2024年7月的北京早晨,不热,蝉鸣零星。半躺在沙发上,就着一杯咖啡看完了邱兵总的《越过山丘》。

我回国晚,邱兵这个名字,是2014年7月24号才知道的,尽管当时他在新闻媒体圈里大名鼎鼎如雷贯耳已久。那天是一个叫“澎湃新闻”的时政思想类APP上线,邱兵是CEO,他亲自写了一篇发刊词《我心澎湃如昨》,在我票圈刷屏。我看完大为惊艳。
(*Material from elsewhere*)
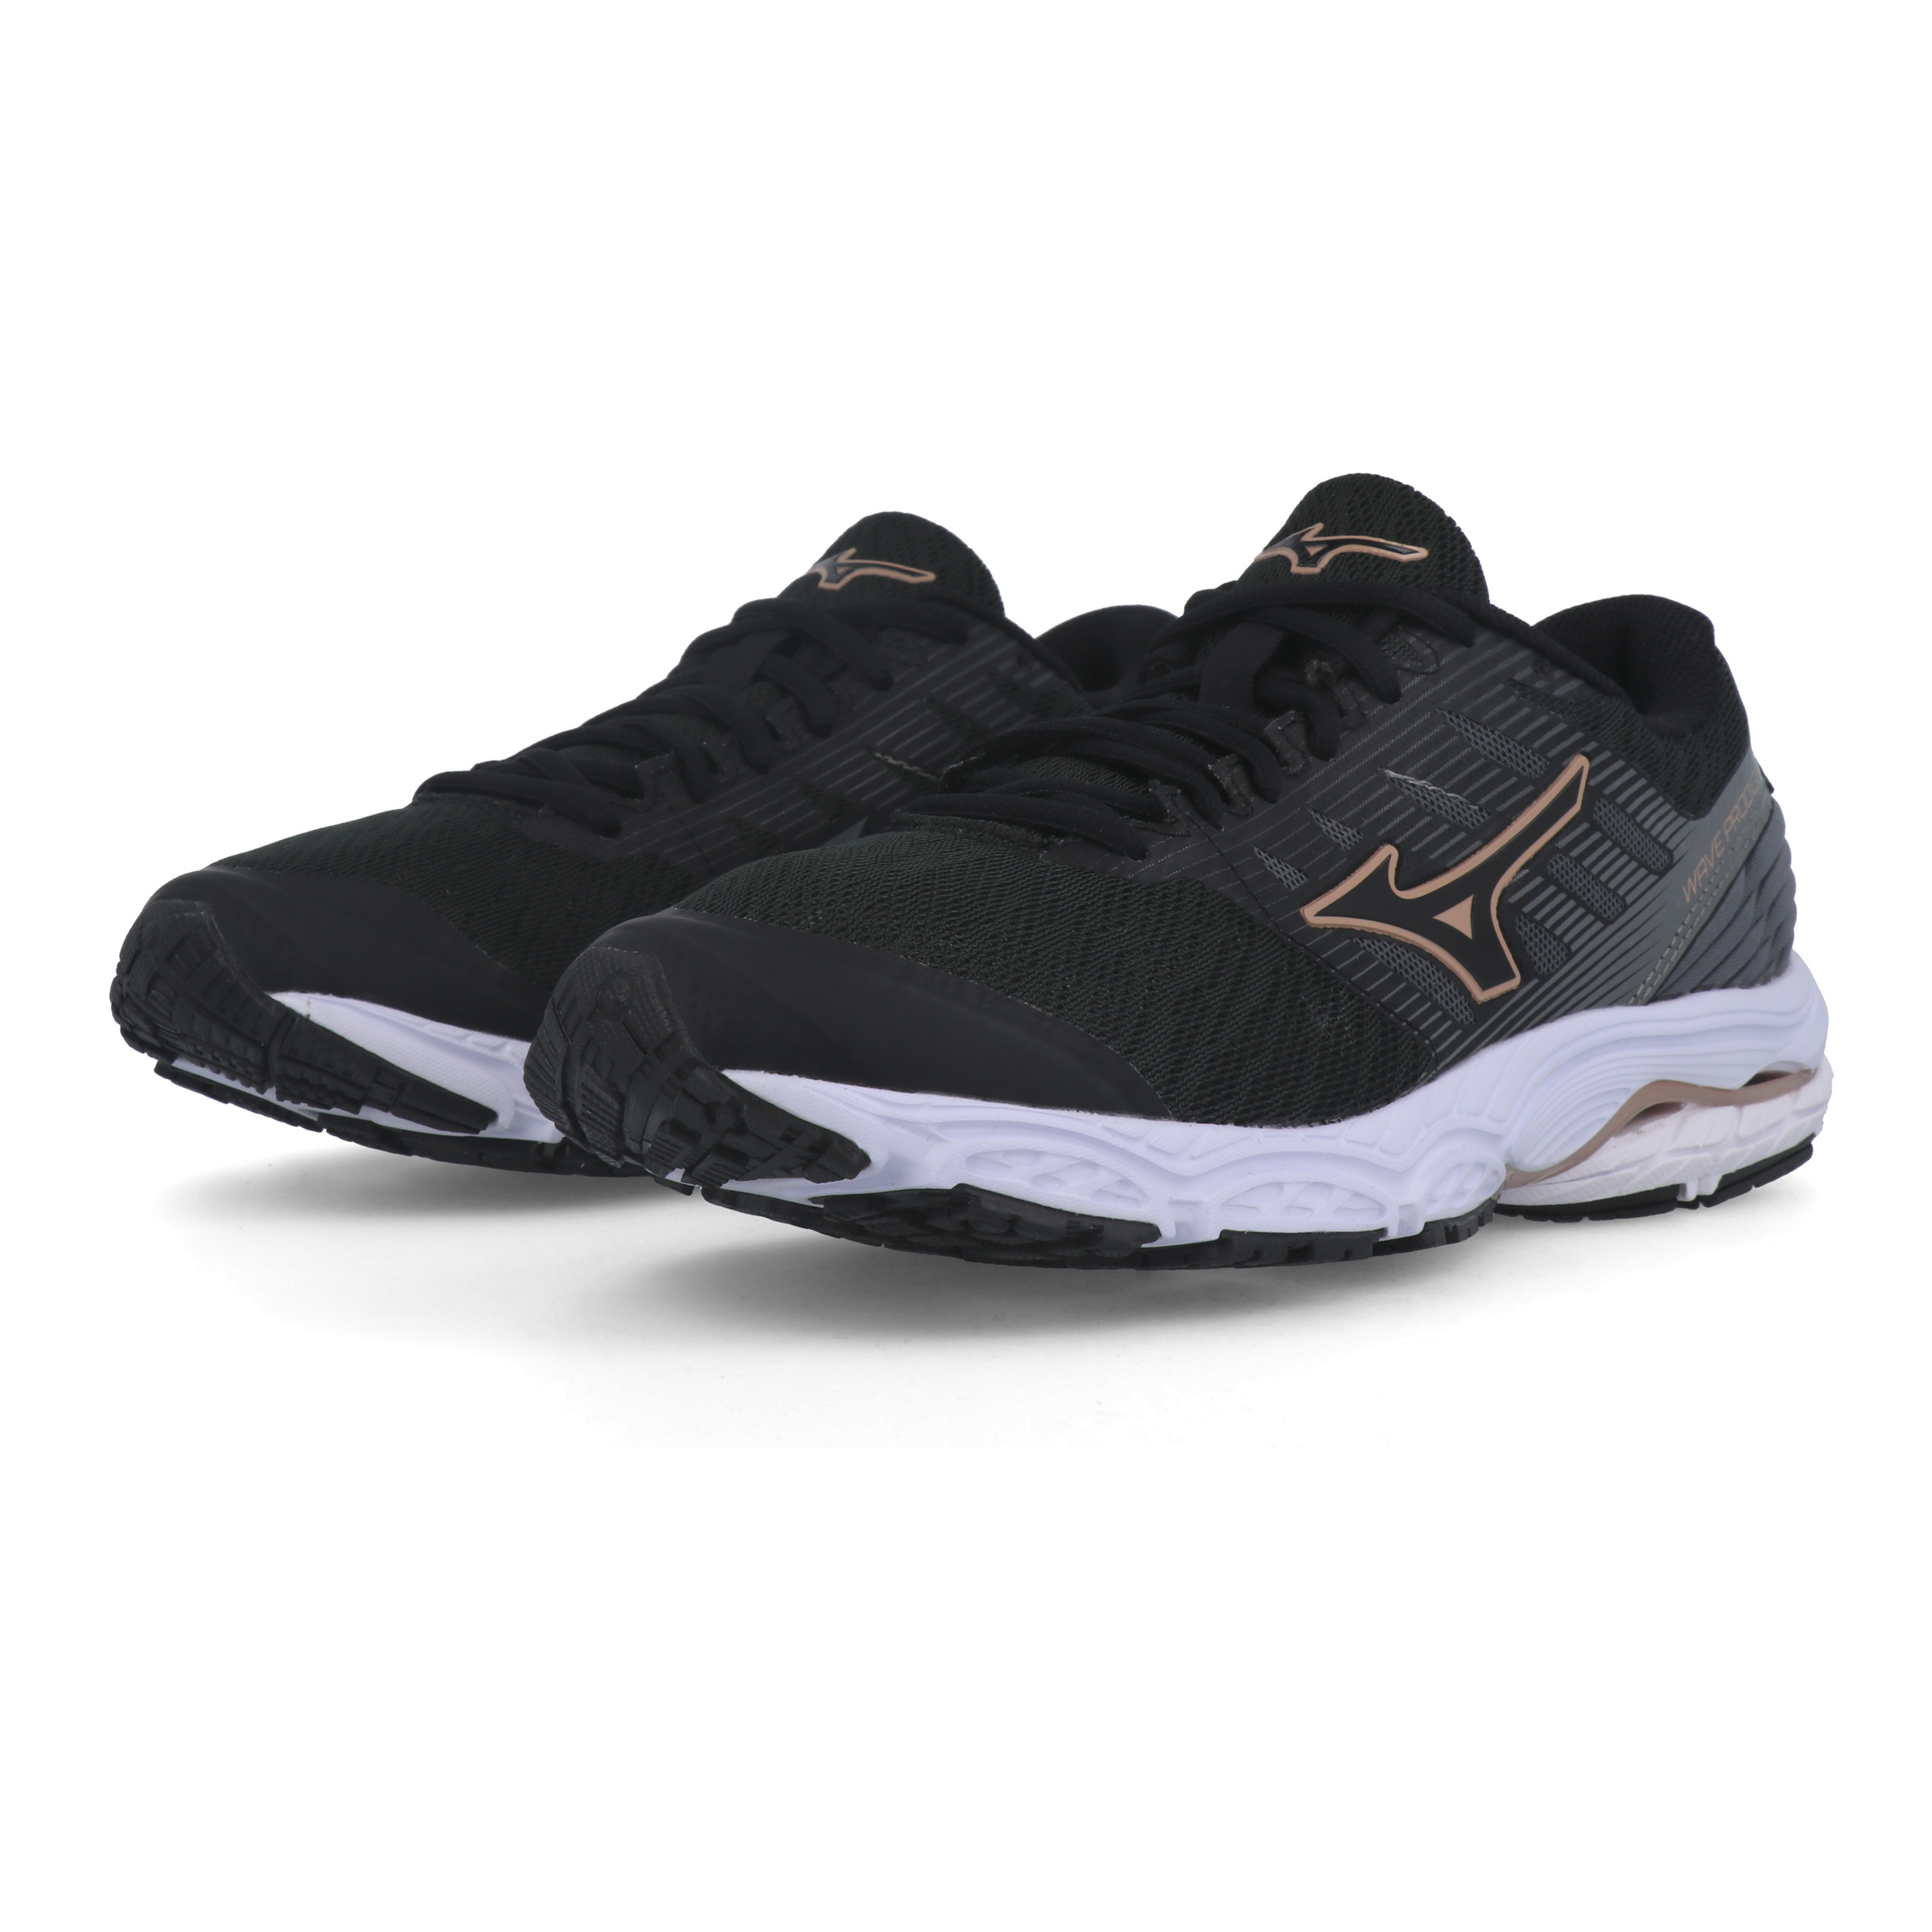 Mizuno Wave Prodigy 2 Women's Running Shoes - SS20

确是2000年代前后汉语江湖的味道,文字机锋,讥诮,沉郁,浪漫,还闪动着些许理想主义的余晖,背后隐隐有王小波,王朔,海子,甚至高晓松的影子。

文章篇头写着——“谨以这段文字和这个互联网产品献给我们恋恋不舍的1980年代”。说是恋恋不舍,但分明看得出,那个40多岁的少年和他的复旦同班同学吴晓波一样,正跃跃欲试,要“骑在新世界的背上”。而他们另一个同班同学秦朔,也正带着上海第一财经在眺望摸索着新世界的大门。

那确实是一个新奇的,新鲜的世界。旧围城里的老男孩们纷纷背着行囊,嘴里说着恋恋风尘,但头也不回就这么奔往了。我依稀记得,自己后来似乎给澎湃供过稿。后来,和后来的后来,又发生了很多很多事。

然后十年就过去了。

再次遇见邱兵的名字,是2023年,在一个“天使望故乡”的公号上。文字仍然惊艳如昨。但这次他没在浦江边汹涌,而是在大洋彼岸的波士顿。在美东秋天,一条通向瓦尔登湖的小路上,地面树叶金黄婆娑,天空碧蓝如洗,他娓娓地家长里短,人间琐碎,温暖又疏淡。我在白纸黑字间,看见那个发际线后移的老男孩,好像正在变成一个微笑的中年男人。挺好,我想,有江的奔涌,也有湖的深幽。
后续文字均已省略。